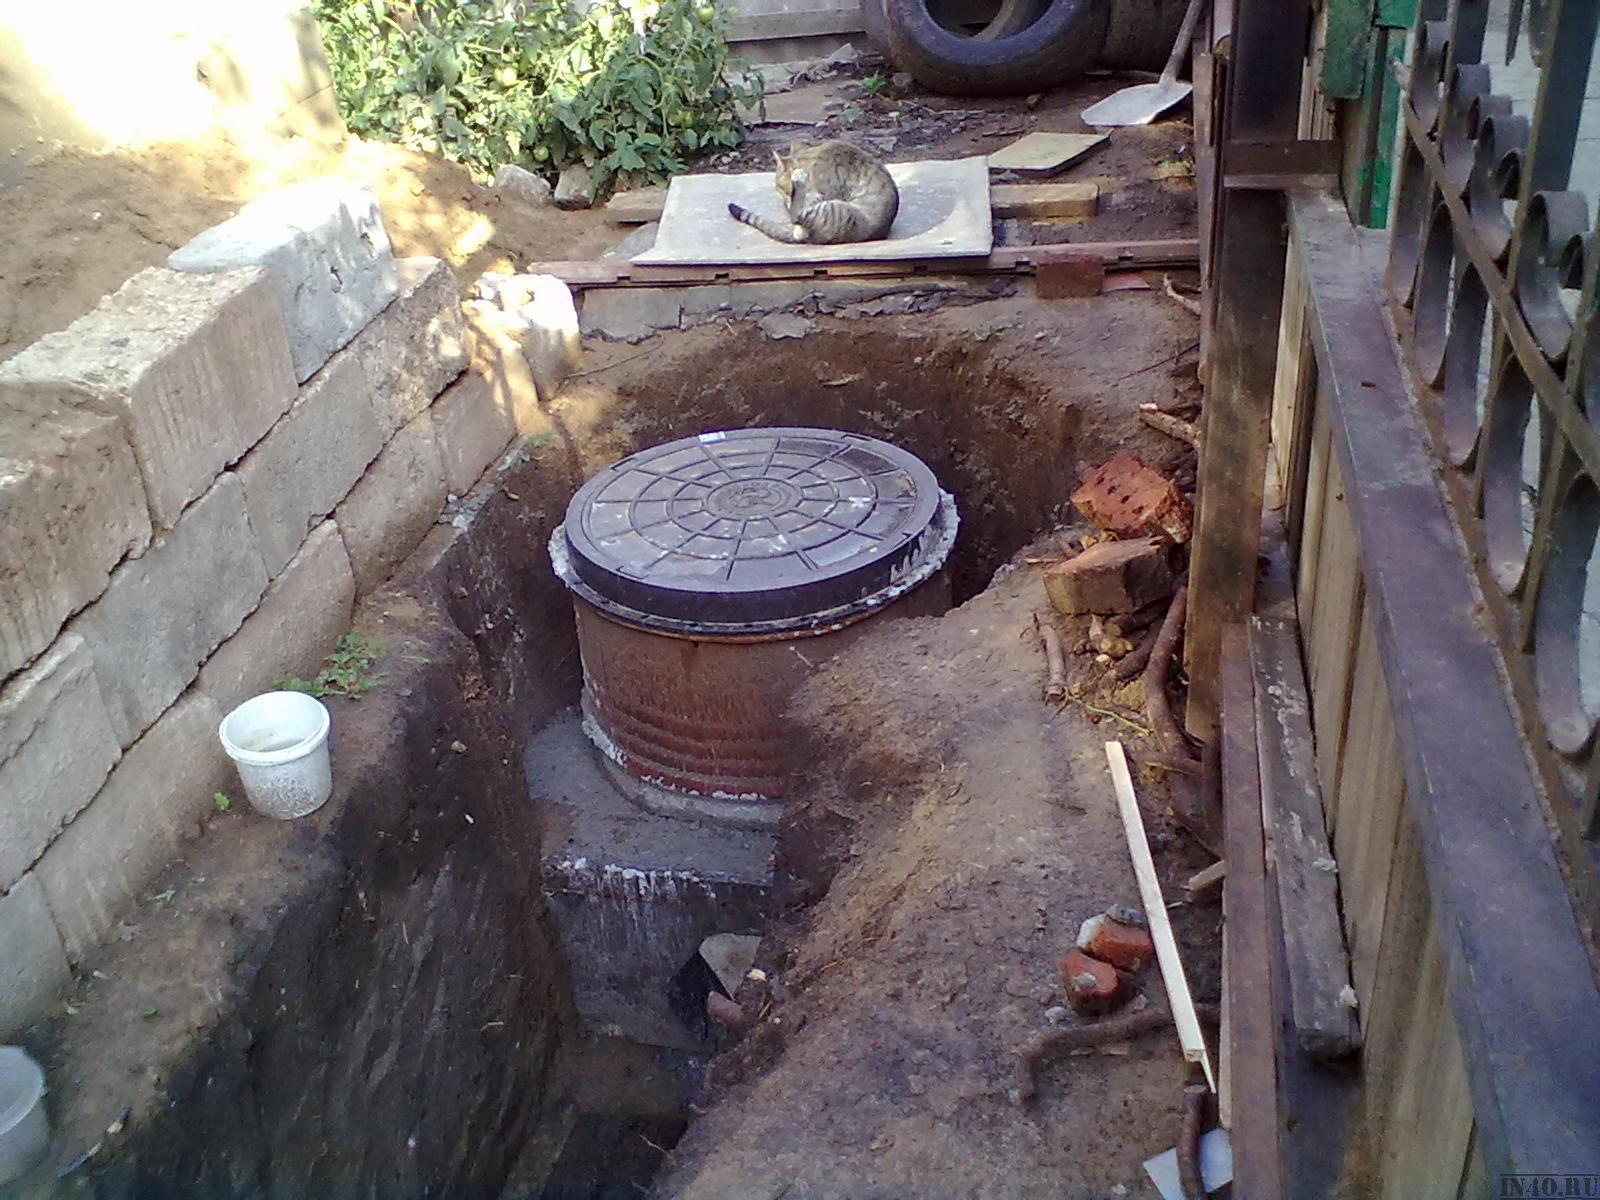 Как выкопать сливную яму: копка сливных ям, глубина, как правильно копать сливную яму, фото и видео примеры
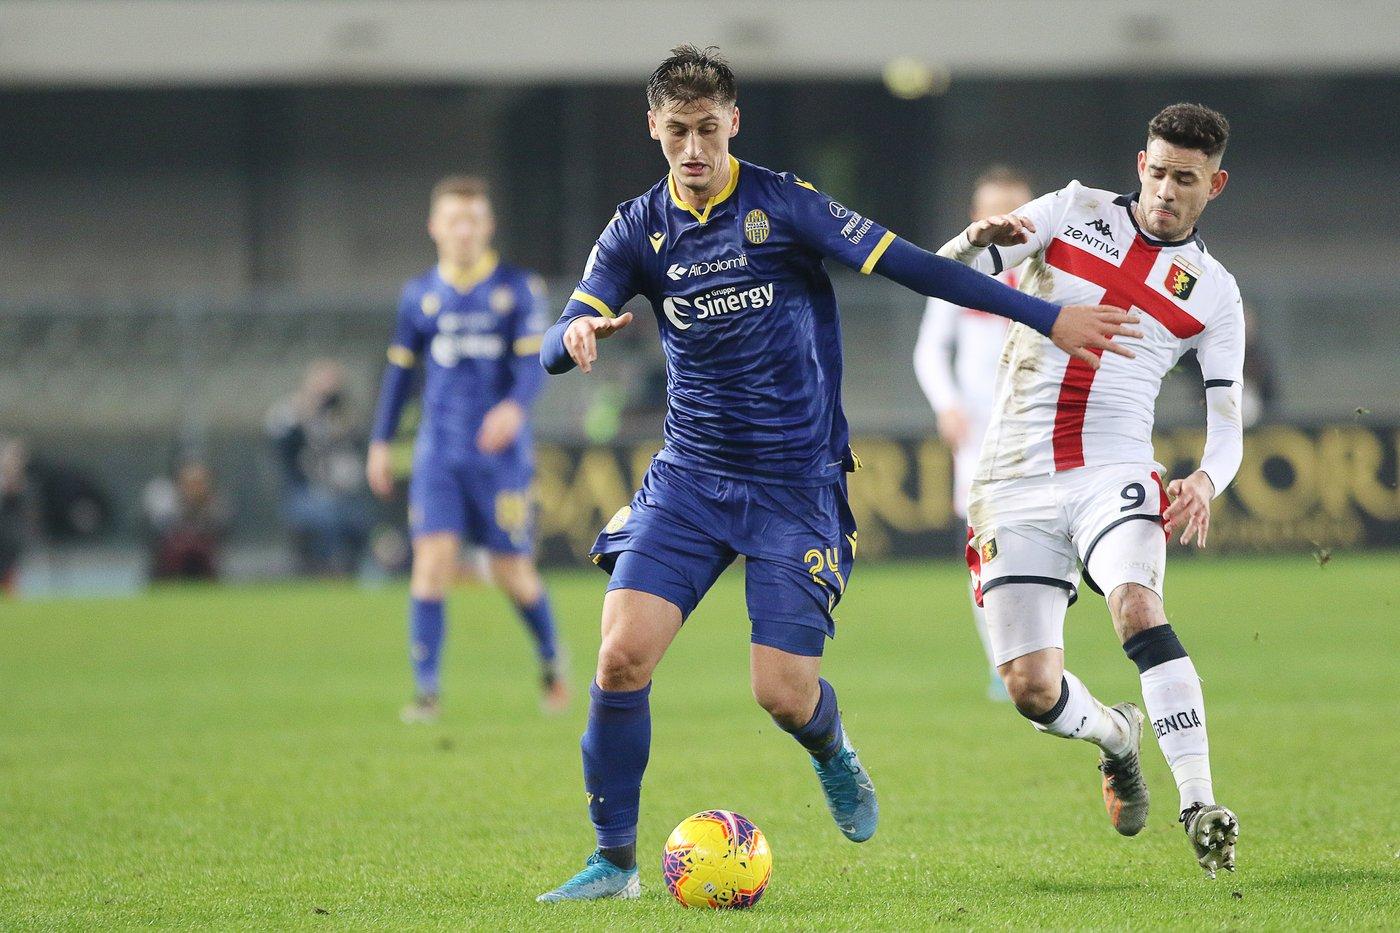 Notizie Lazio - Verona, Kumbulla KO: i dettagli dell'infortunio
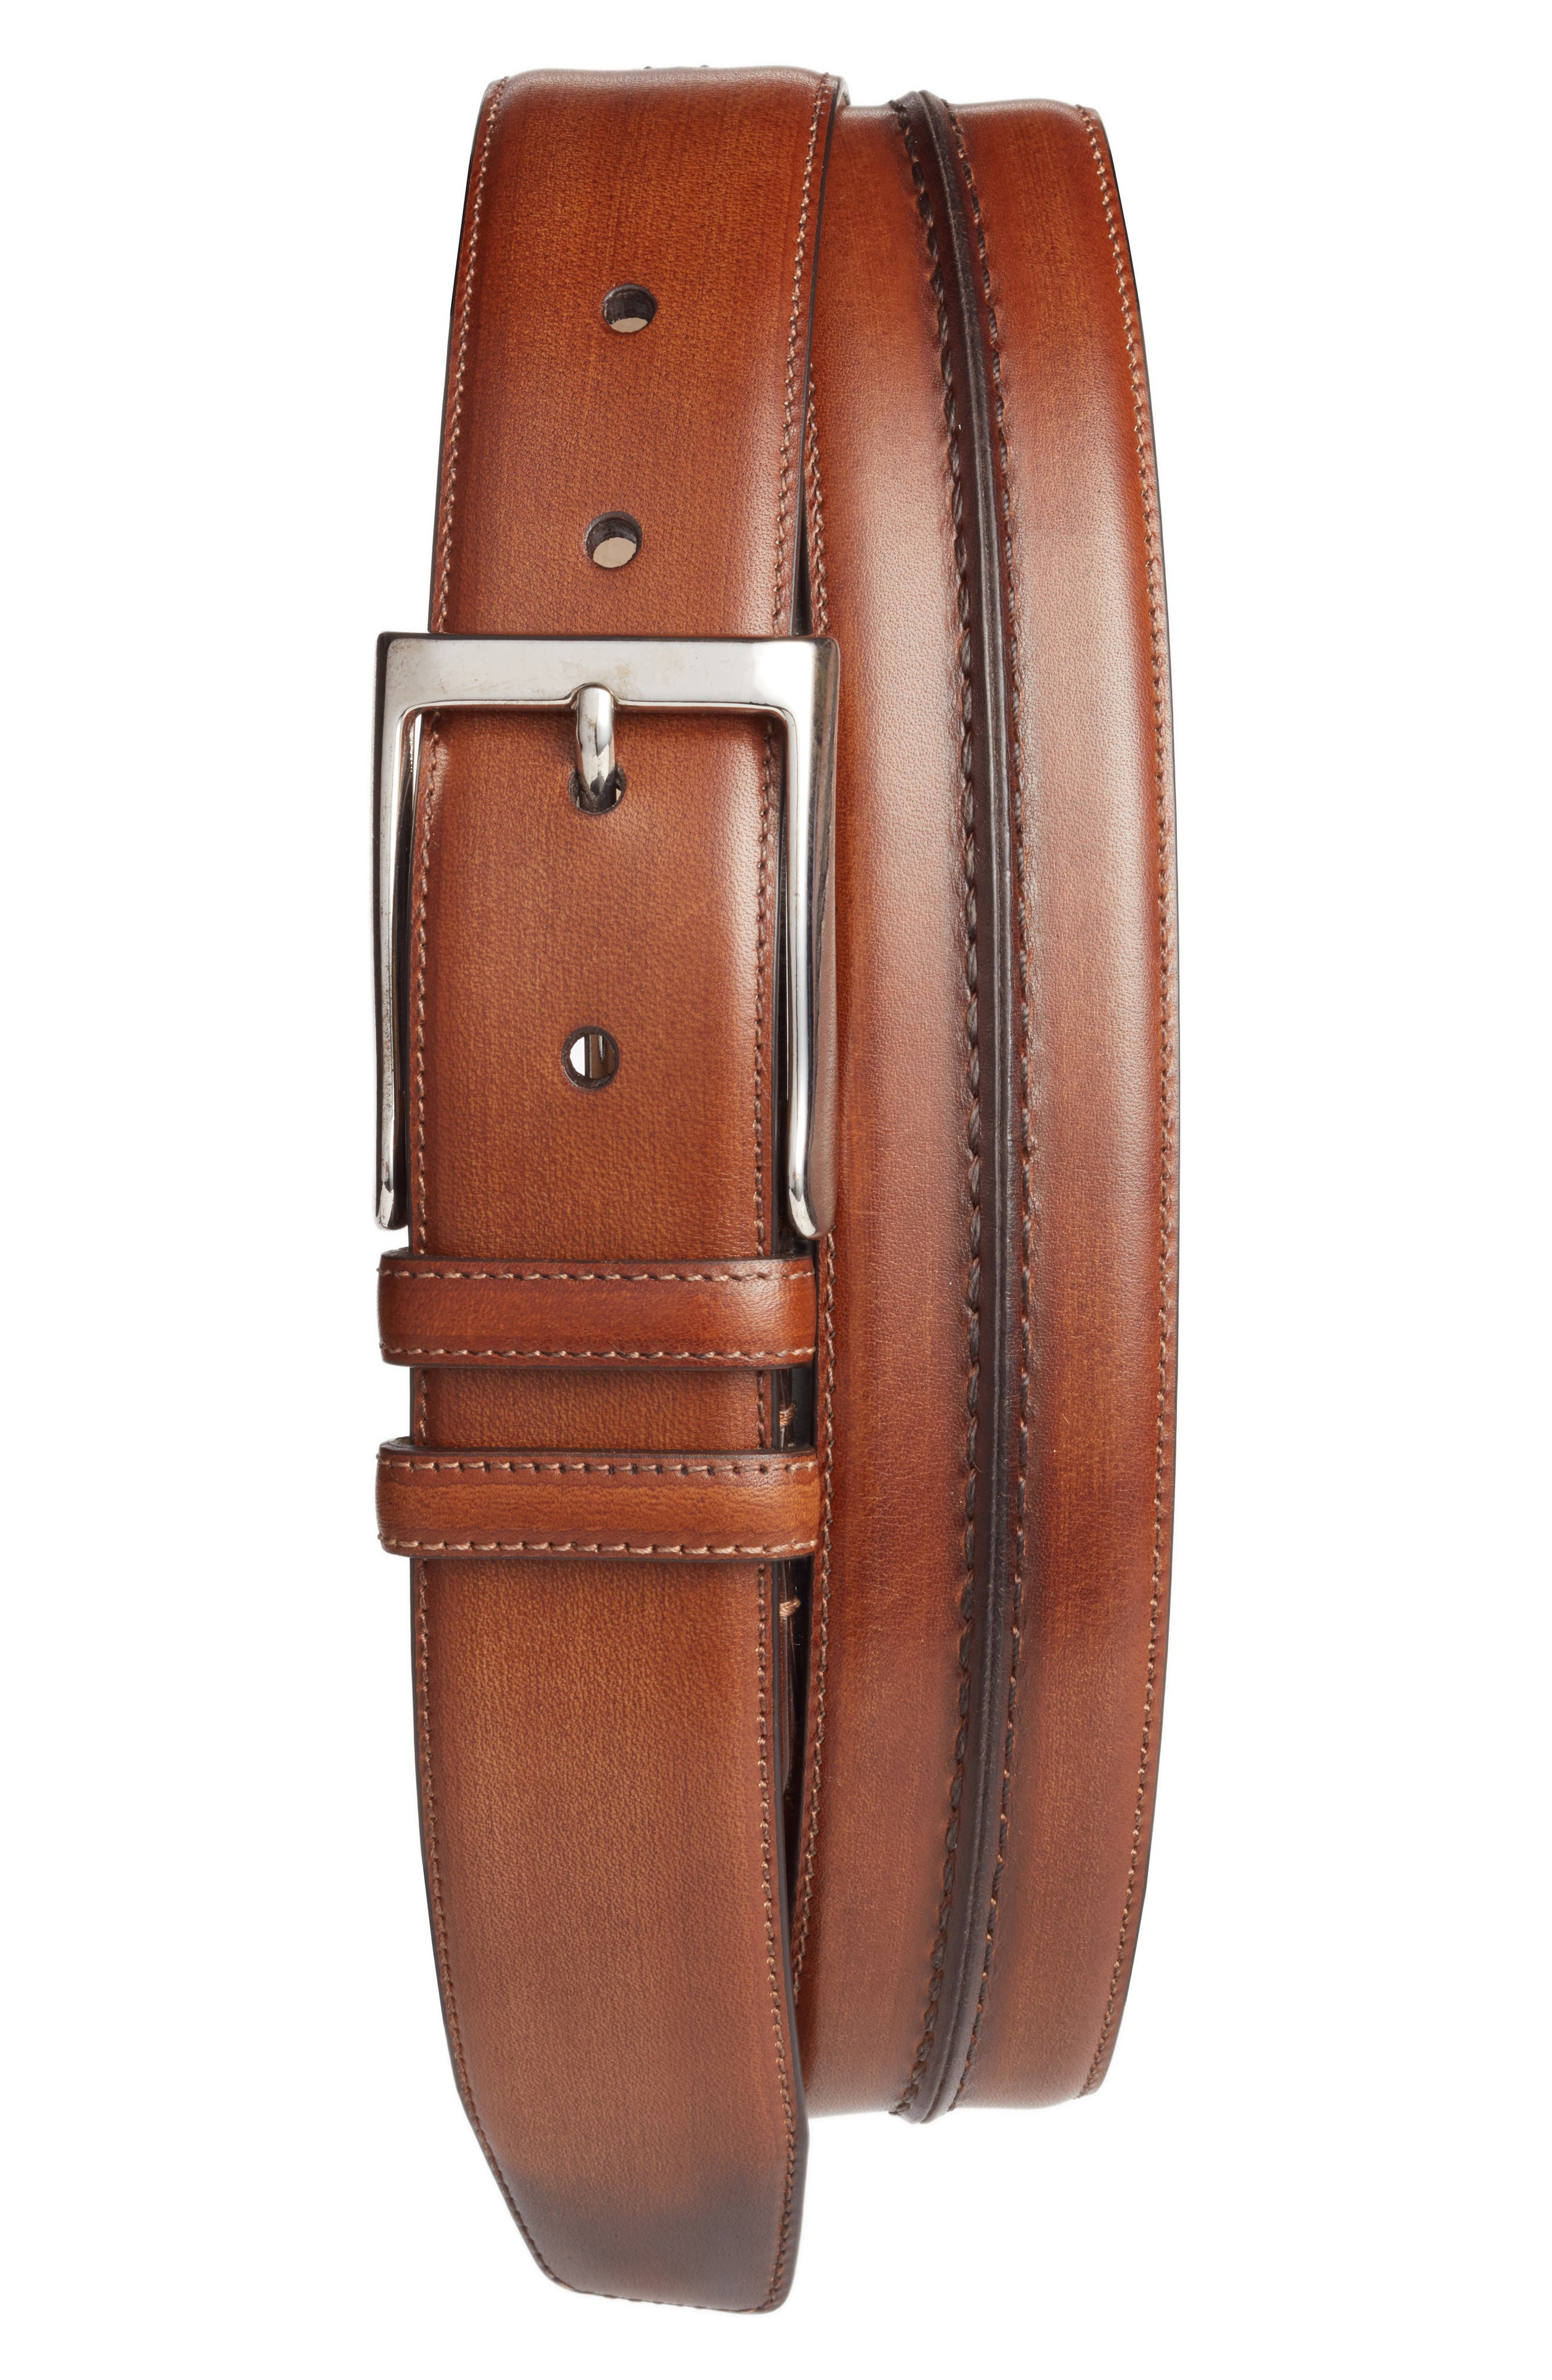 Palma Leather Belt,                             Main thumbnail 1, color,                             COGNAC

## About this task:
Recopy the whole listing above precisely, excluding images.

## Exercise output:
 Как выкопать сливную яму: копка сливных ям, глубина, как правильно копать сливную яму, фото и видео примеры
 Notizie Lazio - Verona, Kumbulla KO: i dettagli dell'infortunio
 Palma Leather Belt,                             Main thumbnail 1, color,                             COGNAC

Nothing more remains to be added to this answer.